Estimates of HIV prevalence
| Model | HIV prevalence | 95% CI | |
|---|---|---|---|
| Men | |||
| Cases with valid HIV test | 16 | 15 | 17 |
| Imputation | 18 | 16 | 21 |
| Heckman selection model (interviewer) | 25 | 15 | 35 |
| Women | |||
| Cases with valid HIV test | 24 | 23 | 26 |
| Imputation | 27 | 26 | 28 |
| Heckman selection model (interviewer) | 33 | 27 | 40 |
CI, confidence interval. The following variables are included as predictors of consent to test for HIV and HIV status: age group, location of residence (Isigodi), type of location of residence (urban/rural/peri-urban), distance to nearest clinic, distance to nearest secondary school, distance to nearest primary school, distance to nearest Level 1 road, distance to nearest Level 2 road, marital status, education, mother/father is alive, electricity in home, fuel in home, toilet in home, water in home and household asset index.

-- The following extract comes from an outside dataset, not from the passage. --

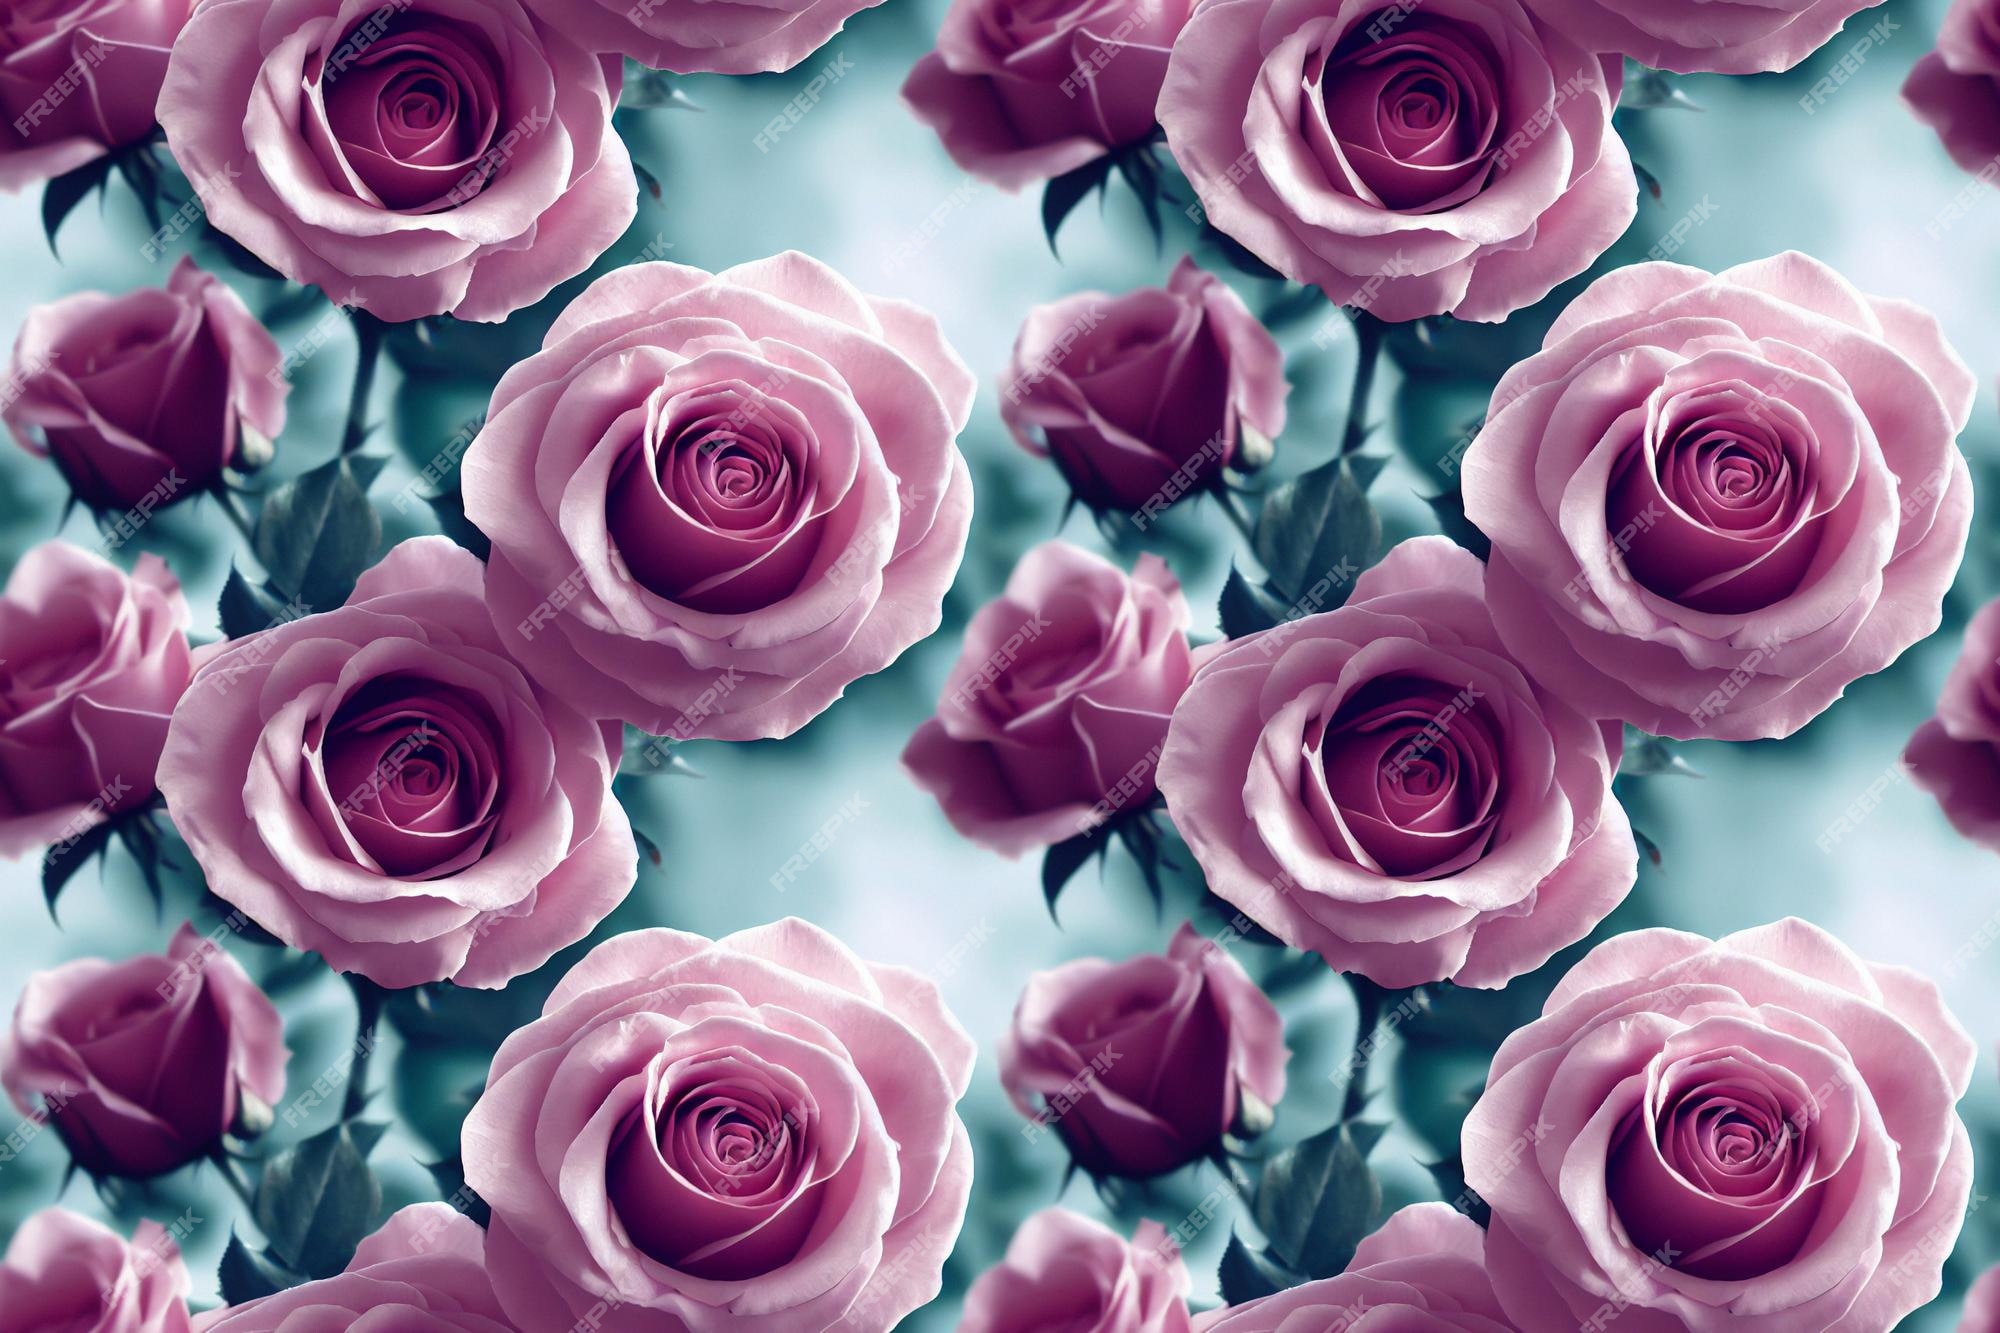 Premium Photo | Beautiful roses seamless background romantic flowers luxury  repeating backdrop 3d illustration

The first row is the mean prevalence among the sample who consent to test and have a valid HIV test (complete case analysis). The second row imputes HIV prevalence for those who refused consent using the covariates described above. Row 3 implements a Heckman selection model for HIV status and consent to an HIV test using interviewer fixed effects. We show results from the copula selection model with the best fit as measured by the AIC, which for both men and women is the Gaussian copula (equivalent to assuming the error terms are drawn from the bivariate normal distribution).
The confidence interval for the imputation model is based on five imputations. The confidence interval for the Heckman selection model is based on the delta method.